I've banned the specific image from the frontends in ulsfo and I now get the right Content-Length. Please let Traffic know if the issue pops up again.

ema triaged this task as High priority.Aug 30 2016, 8:56 AM

Unfortunately quite a few requests on all ulsfo upload frontends are affected, as confirmed with:

varnishlog -n frontend -q 'RespHeader ~ "Content-Length: 0" and RespStatus == 200 and ReqURL ~ "^/wikipedia/"'

The same query on a v3 frontend in eqiad does not yield any output:

varnishlog -n frontend -m TxHeader:"Content-Length: 0" -m TxStatus:200

Also, ulsfo upload backends don't seem to be affected. A rolling restart of the frontends in ulsfo is probably the easiest way to fix this.

Also, ulsfo upload backends don't seem to be affected. A rolling restart of the frontends in ulsfo is probably the easiest way to fix this.

Banning empty objects with status code 200 seems like a better idea. :) I've just done that.

Mentioned in SAL [2016-08-30T14:39:58Z] <ema> banning objects with status code 200 and content-length 0 from upload backends in ulsfo T144257

Mentioned in SAL [2016-08-30T14:46:54Z] <ema> banning objects with status code 200 and content-length 0 from upload frontends in ulsfo T144257

Change 307742 had a related patch set uploaded (by Ema):
upload VCL: do not cache objects with CL:0 and status 200

https://gerrit.wikimedia.org/r/307742

Change 307742 merged by Ema:
upload VCL: do not cache objects with CL:0 and status 200

https://gerrit.wikimedia.org/r/307742

Change 307964 had a related patch set uploaded (by Ema):
Revert "Upgrade upload ulsfo to Varnish 4"

https://gerrit.wikimedia.org/r/307964

Change 307964 merged by Ema:
Revert "Upgrade upload ulsfo to Varnish 4"

https://gerrit.wikimedia.org/r/307964

@JasperStPierre reported another occurrence of this issue on IRC. The reporting time was 2016-09-14 22:18 UTC. I'm not sure what the exact repro time was.
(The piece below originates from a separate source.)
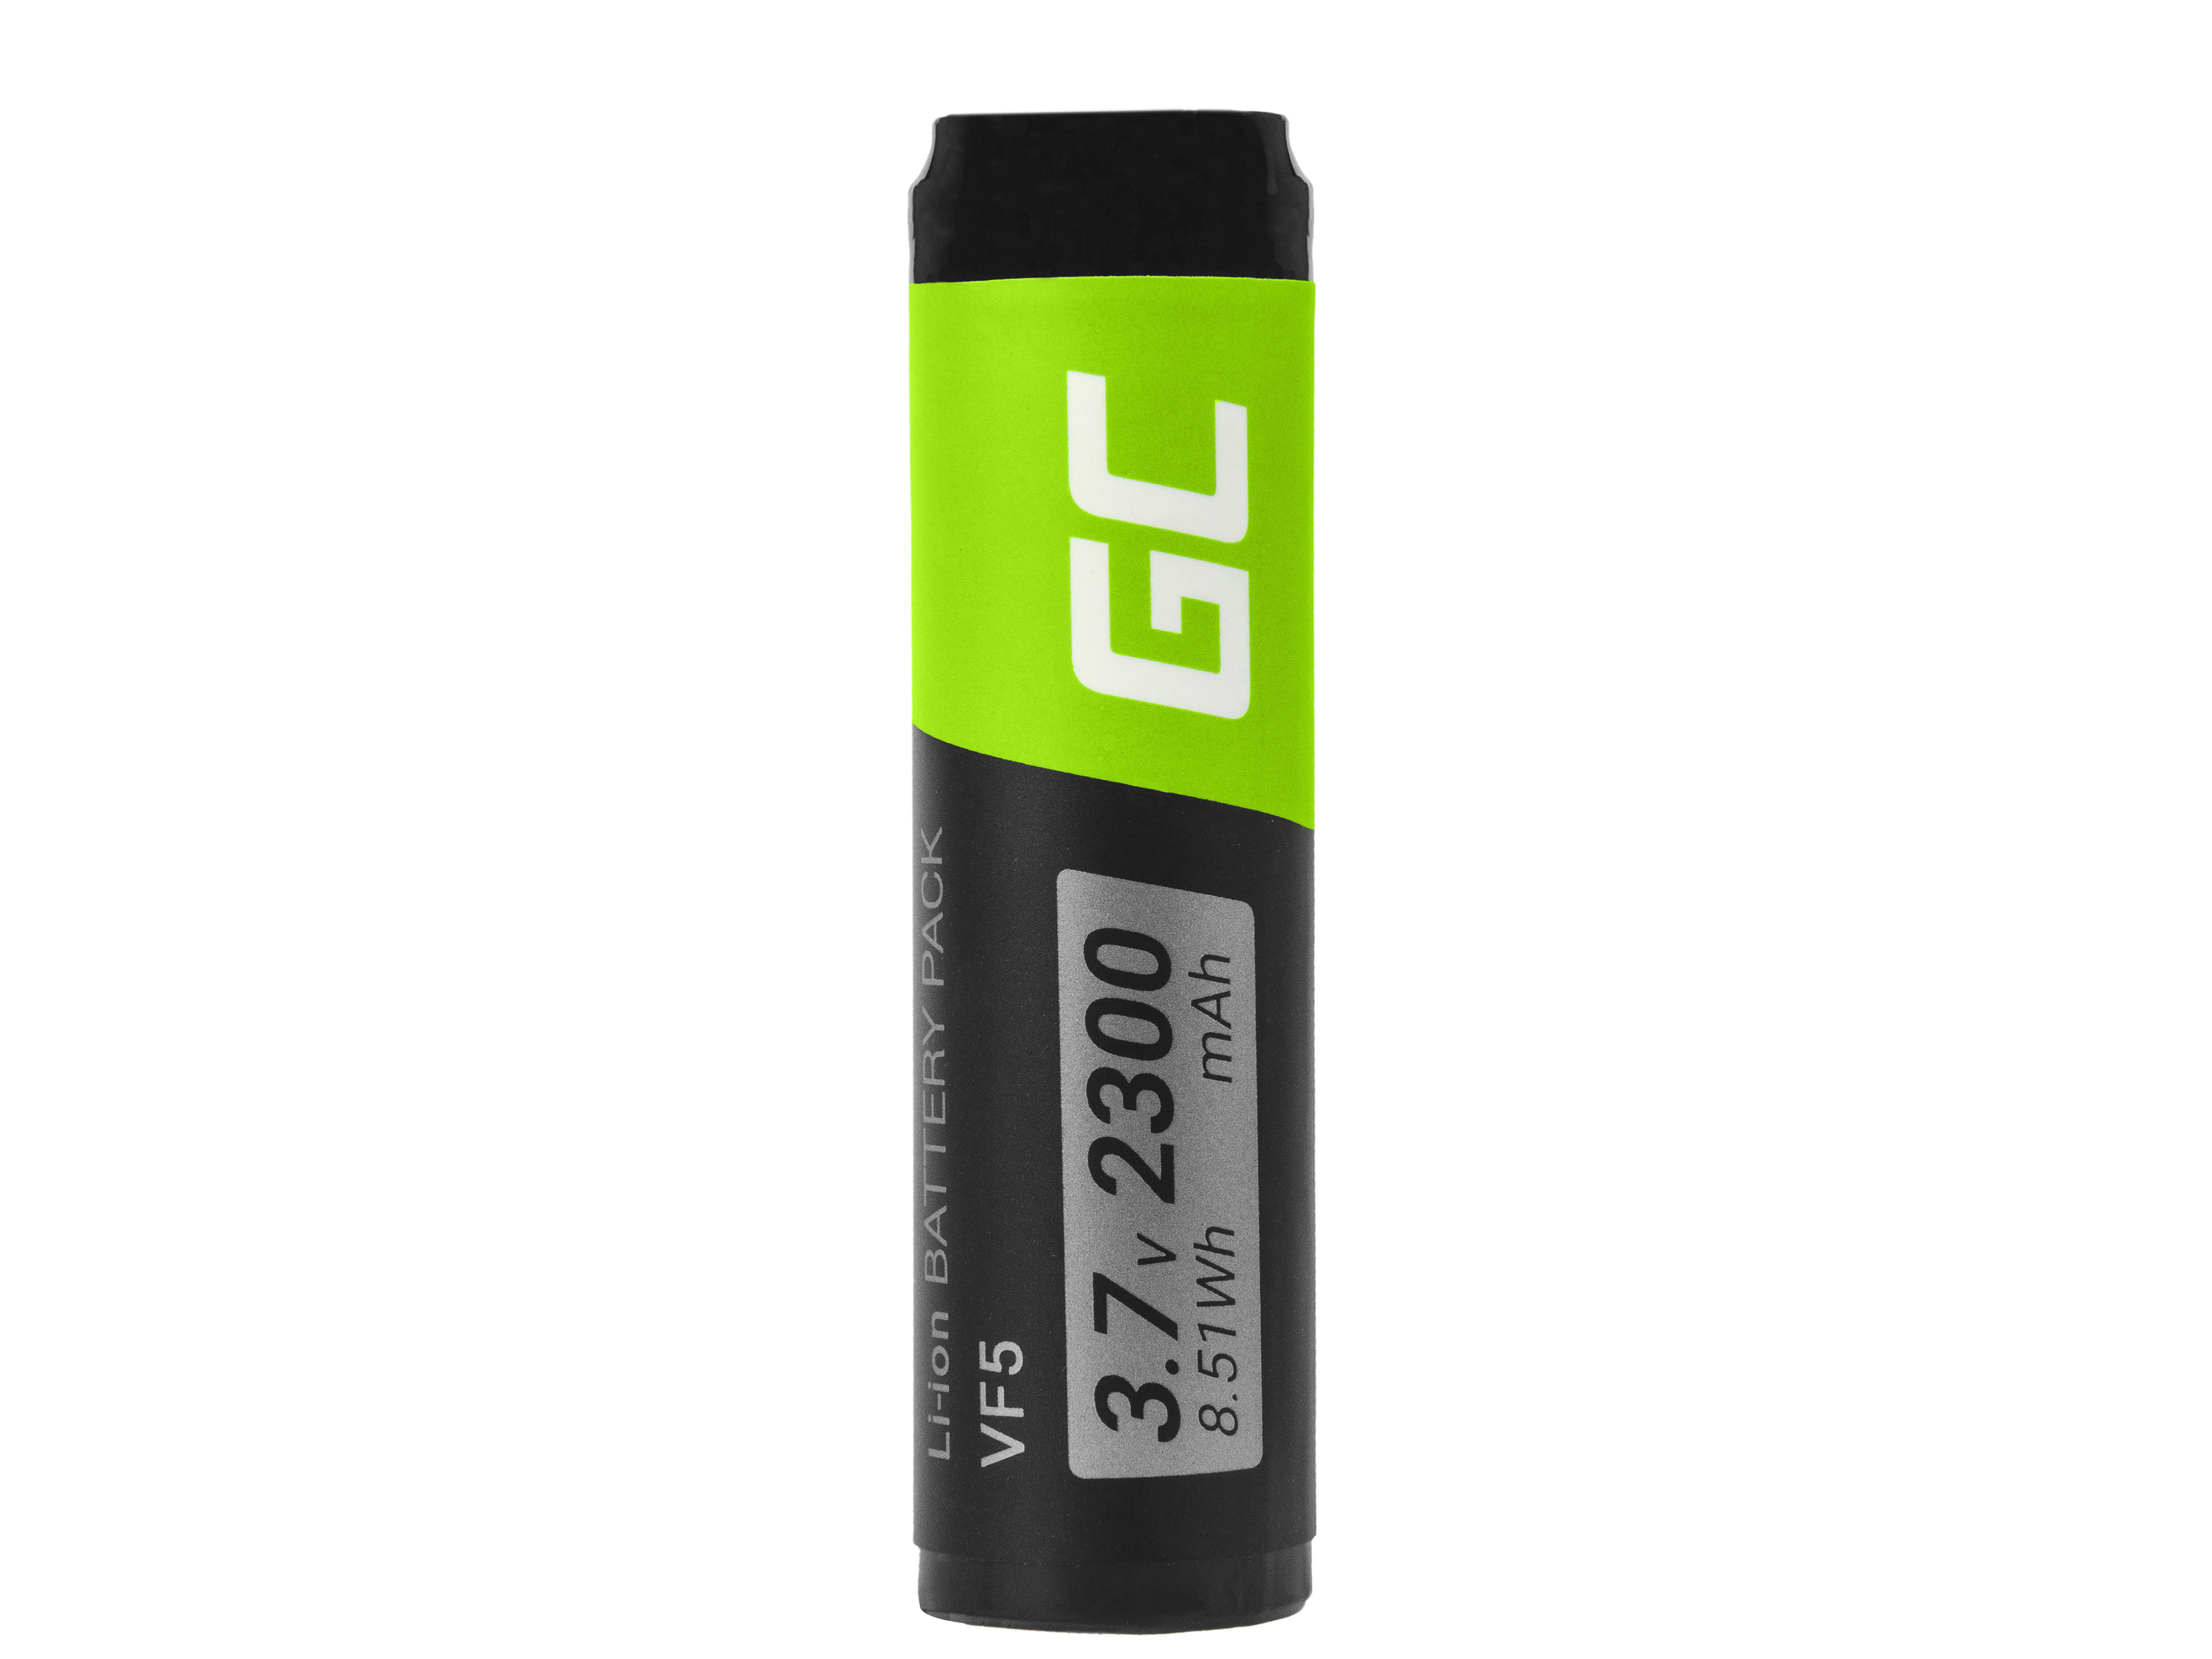 EOL-Green Cell GPS Battery VF5 TomTom Go 300 530 700 910

https://upload.wikimedia.org/wikipedia/commons/thumb/1/18/Bartagame_fcm.jpg/800px-Bartagame_fcm.jpg
Content-Length: 0
X-Cache: cp1048 hit/2, cp2020 hit/8, cp4007 miss, cp4005 miss

cp4007's backend was affected by T145661 between 21:06 and 22:29 and the same URL was involved in a 503 LRU_Fail at 22:23:40:

  • ObjHeader X-Cache-Int: cp1048 hit/2, cp2020 hit/14

Change 310767 had a related patch set uploaded (by Ema):
cache_upload fe: do not set do_stream=true on Varnish 4

https://gerrit.wikimedia.org/r/310767

Change 310767 merged by Ema:
cache_upload fe: do not set do_stream=true on Varnish 4

https://gerrit.wikimedia.org/r/310767

The varnish error triggering this seems to be:

-- FetchError straight insufficient bytes

Full varnishlog here: https://phabricator.wikimedia.org/P4053.

Is anybody actively investigating this? / Does this need more investigation? Or did the merged patches eliminate the issue?

The patch has worked for my draft article https://en.wikipedia.org/wiki/Draft:Flags_of_the_Imperial_Austrian_Army_of_the_Napoleonic_Wars absolutely fine. Thanks, Dave Hollins
----Original message----
From : no-reply@phabricator.wikimedia.org
Date : 01/10/2016 - 07:43 (GMTST)
To : david.a.hollins@btinternet.com
Subject : [Maniphest] [Commented On] T144257: Certain images failing to load in ulsfo
Aklapper added a comment.
Is anybody actively investigating this? / Does this need more investigation? Or did the merged patches eliminate the issue?
TASK DETAIL
https://phabricator.wikimedia.org/T144257
EMAIL PREFERENCES
https://phabricator.wikimedia.org/settings/panel/emailpreferences/
To: Aklapper
Cc: MZMcBride, JasperStPierre, Allyn, DaveHMBA, gerritbot, Jalexander, Stashbot, ema, fgiunchedi, AlexMonk-WMF, Tgr, Aklapper, jrbs, Lewizho99, Maathavan, faidon, Jay8g, Krenair

Is anybody actively investigating this? / Does this need more investigation? Or did the merged patches eliminate the issue?

I don't think the do_stream patch above had any effect, but this issue is most likely a part of the same bug as T145661 where we've been working more actively, and is probably effectively resolved now, although we're still doing trailing work in that ticket. Will merge it up.